The first cycle: antibiotics
In 1928, Alexander Fleming discovered penicillin while working at a hospital laboratory in London. Upon returning from summer holidays, he noticed an open petri dish on a window sill was contaminated with a fungus. All staphylococci bacterial colonies near that growing fungus were killed by something being secreted by that fungus, which turned out to be from the genus, Penicillium.
What is less described, but important to note from the commercialization perspective, was that Fleming could not grow enough of this fungus in large quantity to isolate enough of its antibacterial secretion for human testing. In fact, he eventually abandoned this line of research.
Two professors from Oxford university—Howard Florey and Ernest Chain—advanced its application over a decade after Fleming’s first discovery. In February 1941, Florey and Chain isolated enough of the crude extract from this mold to treat their first patient, a London police constable. The patient’s condition improved dramatically within 24 hours, but eventually relapsed and died, because there was not enough antibiotic to sustain treatment.

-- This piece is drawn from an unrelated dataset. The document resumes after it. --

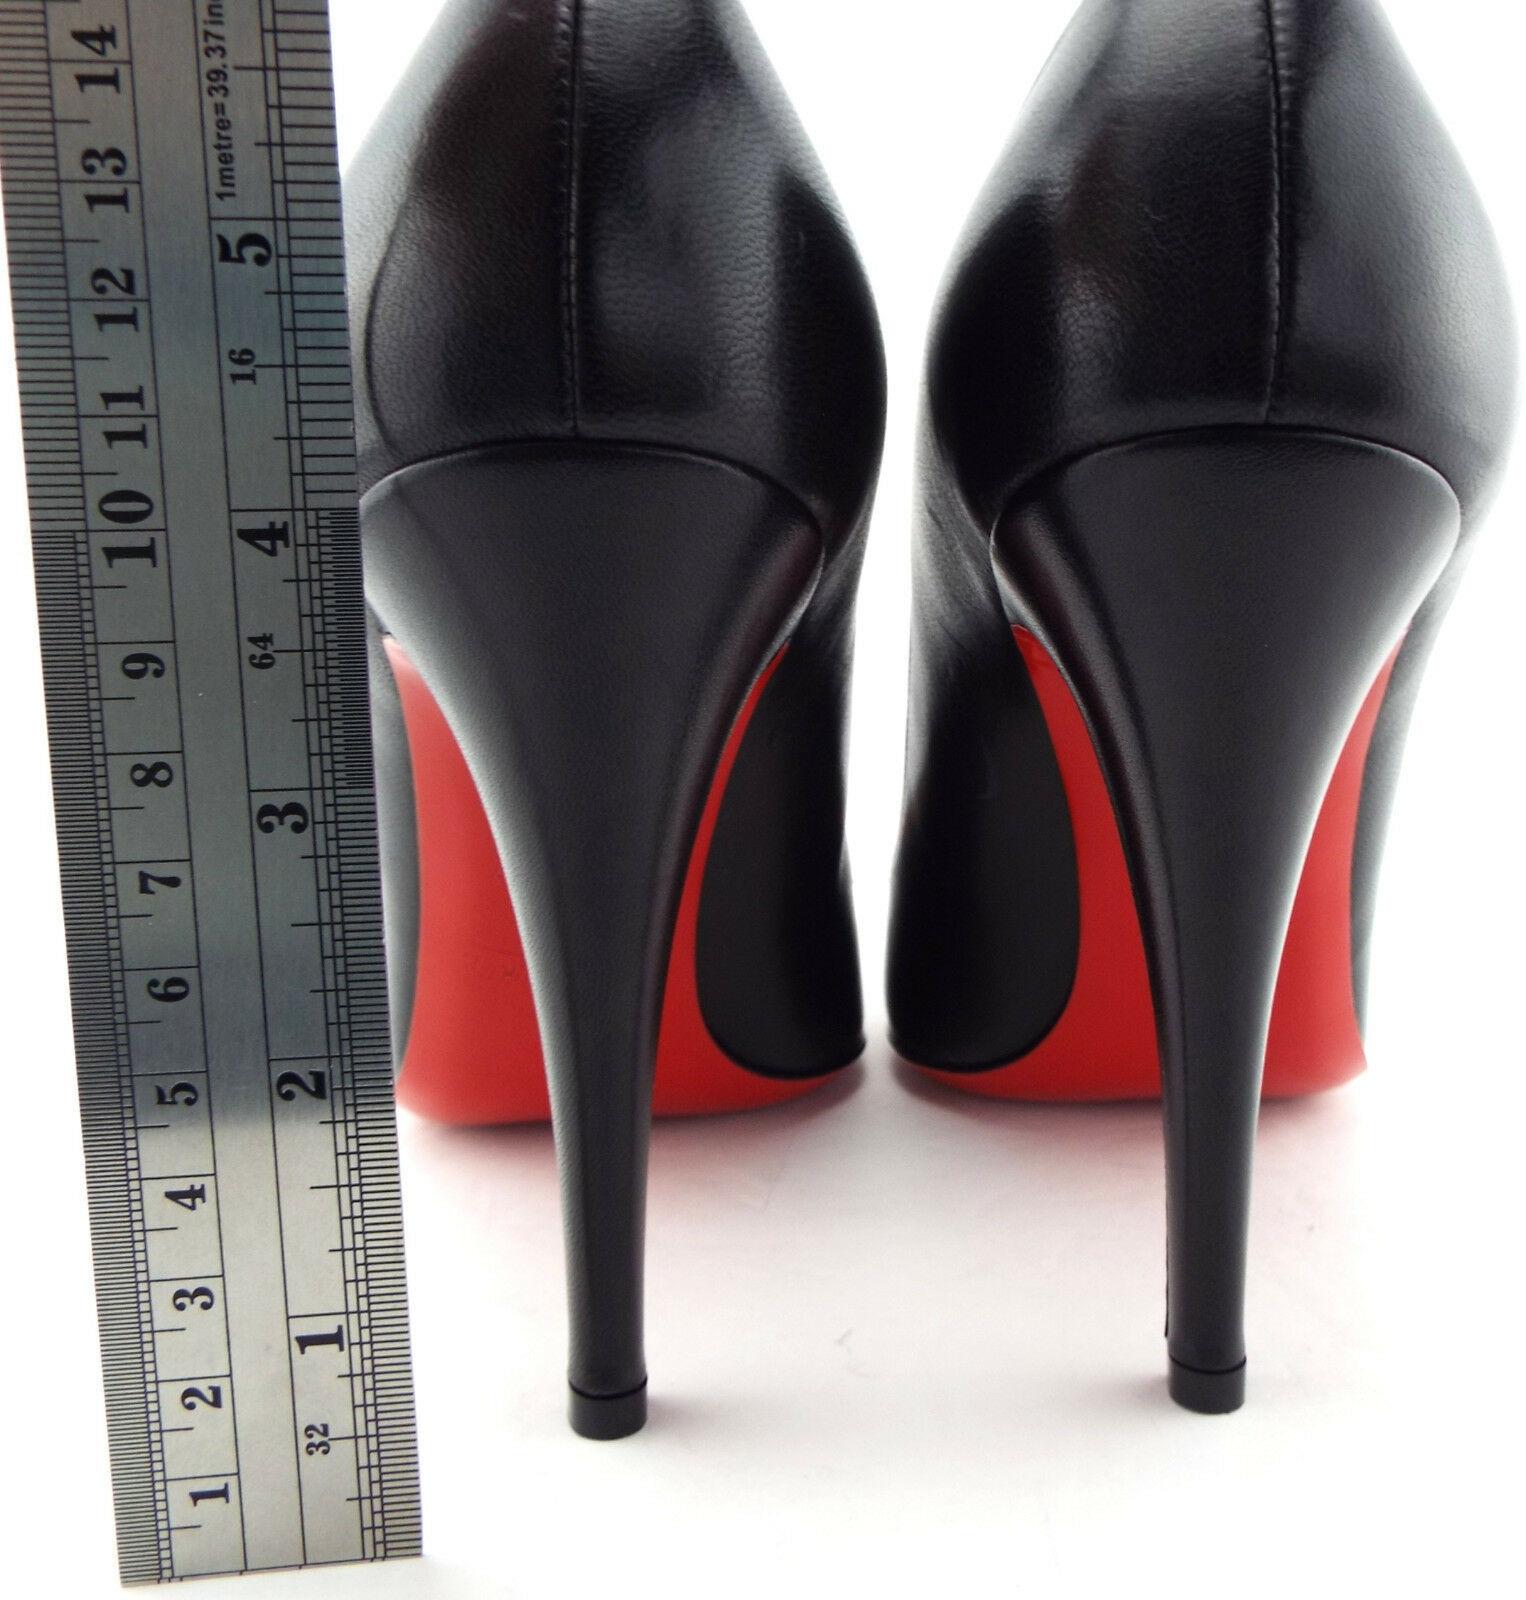 c4080f97b07b New CHRISTIAN LOUBOUTIN Size 8.5 DECOLLETE 868 Heels Pumps Shoes 39

The yield of penicillin from the fungus was low, its isolation and extraction were difficult, the purification often failed, and there were no assays available. As we will see, how to overcome these hurdles is critical, not just medically but, ultimately, for a nation’s economic competitiveness. This is doing applied science, vs. the basic science of discovering penicillin.
The British research infrastructure was in ruins in the midst of the second World War (1939-1945). Florey and Chain went to the United States to find an American lab that could take on the effort of scaling up production. They met with the Office of Scientific Research and Development (OSRD), a U.S. federal agency for applied science.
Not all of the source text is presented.